In all the drafts I did, only once did the person who took McCaffrey also take Mason.

Hint: I have McCaffrey on just one of my teams.

That means in every other league, the McCaffrey drafter did NOT buy reinsurance.

In several cases, I picked Mason at the end of a draft, even though I didn’t have McCaffrey.

Why? Because it was like buying a cheap ILW. I wouldn’t miss the premium if nothing happened, but I’d make a lot if the wind blew.

One thing I should note is I don’t try to pick every team’s backup running back. There aren’t enough spots on the team for that. I don’t even usually pick the backup for my first team running back.

Why? Didn’t I just tell you the reinsurance was super cheap? Yet, but not always. I believed Mason was likely to be very productive if McCaffrey got injured.

That is not always the case with backup running backs, so you have to evaluate whether you think the backup is good enough if they end up starting (i.e. how low does the cover attach) and what you think the injury risk is to your star player.

Sometimes it is better to do what I did with Mason, which is take the backup of one of your opponent’s stars, rather than your own, as this boosts the ceiling of your team. (You don’t just get 80% of what you had, you get what you already had plus something.)

In other words, most of the time when I drafted Mason, I was taking basis risk. I was hedging against another team’s injury, not my own, to increase my upside.

Risk Management vs. Forecasting

I should make clear I did not have any information, or even a concern, that McCaffery was hiding a more serious injury before the season started. That isn’t why I picked Mason.

If I had strong view that the injury was worse than let on, that would have been a prediction. I wasn’t trying to make a prediction here.

I was trying to remove the risk of a known unknown.

It was unknown whether McCaffrey would get injured this year or not, but I knew what to do if he were.

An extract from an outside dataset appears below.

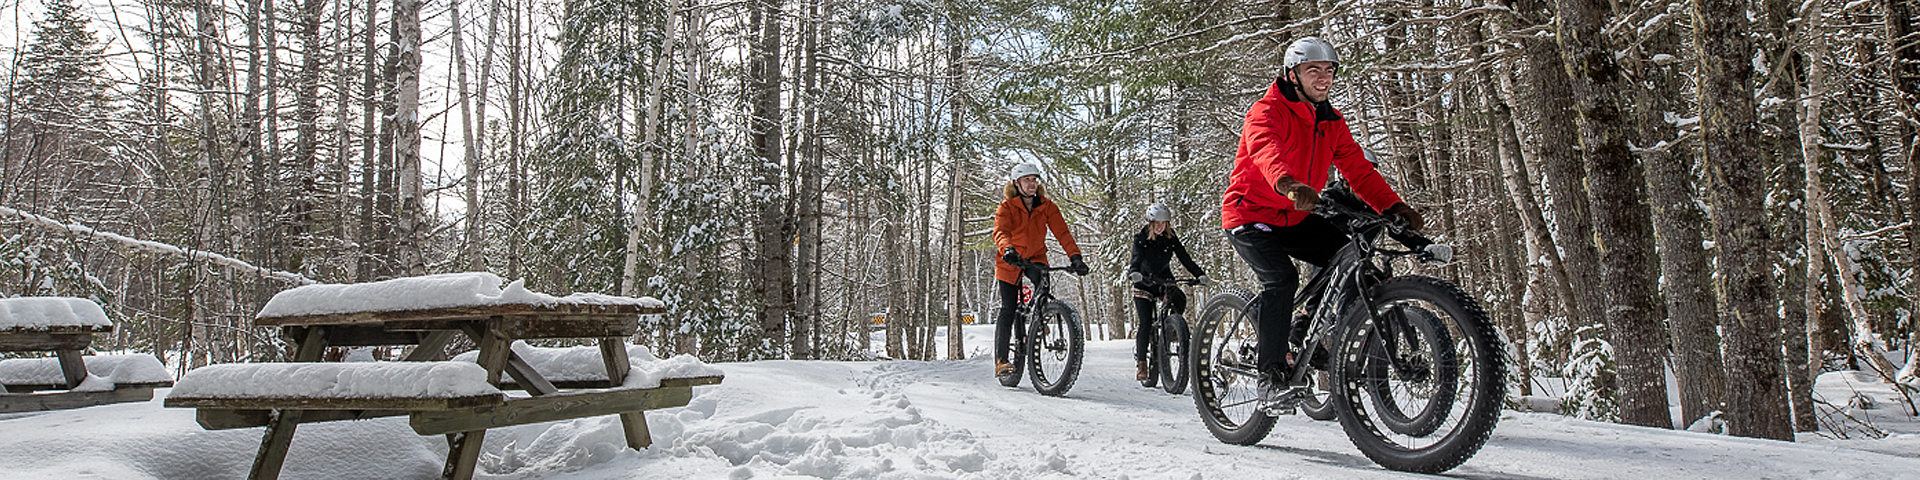 Cyclists on fat bikes in the snow, in the forest

When people say luck is the result of preparation, this is what they mean. It wasn’t lucky that I drafted Mason for a number of my teams. It was proper risk management.

Takeaways

So what should you take away from this? There are plenty of places in life where you can buy cheap reinsurance.

And most of them don’t require Guy Carpenter’s help! Whether it be fantasy football, personal finance, operating a business, etc., never turn down cheap reinsurance because you don’t think you need it.

You never know when it will come in handy!

I should also point out the difference between cheap reinsurance and cheap options. I love cheap options too! A lot of what I did in investing was looking for cheap options.

The difference is a cheap option is something where you realize an outsized benefit for little cost (think of a mortgage prepayment option which costs you nothing but can lower your payment a lot) while cheap reinsurance is where you avoid a painful loss for low cost.

(And yes, I am aware you can buy options that prevent a loss rather than seek a gain, but trying to keep things at a more intuitive level here.)

You obviously can’t hedge every risk (even MGAs have risk, though they often forget this) so it is important to understand where your biggest exposures are to a negative outcome and focus your hedging efforts there.

Hedging is a habit. The more you practice it, the more opportunities you will find to take advantage of it.

After all, hedging your fantasy football team is a nice win, but it’s not life changing. Having extra umbrella coverage or setting up a disaster recovery site for your business can be.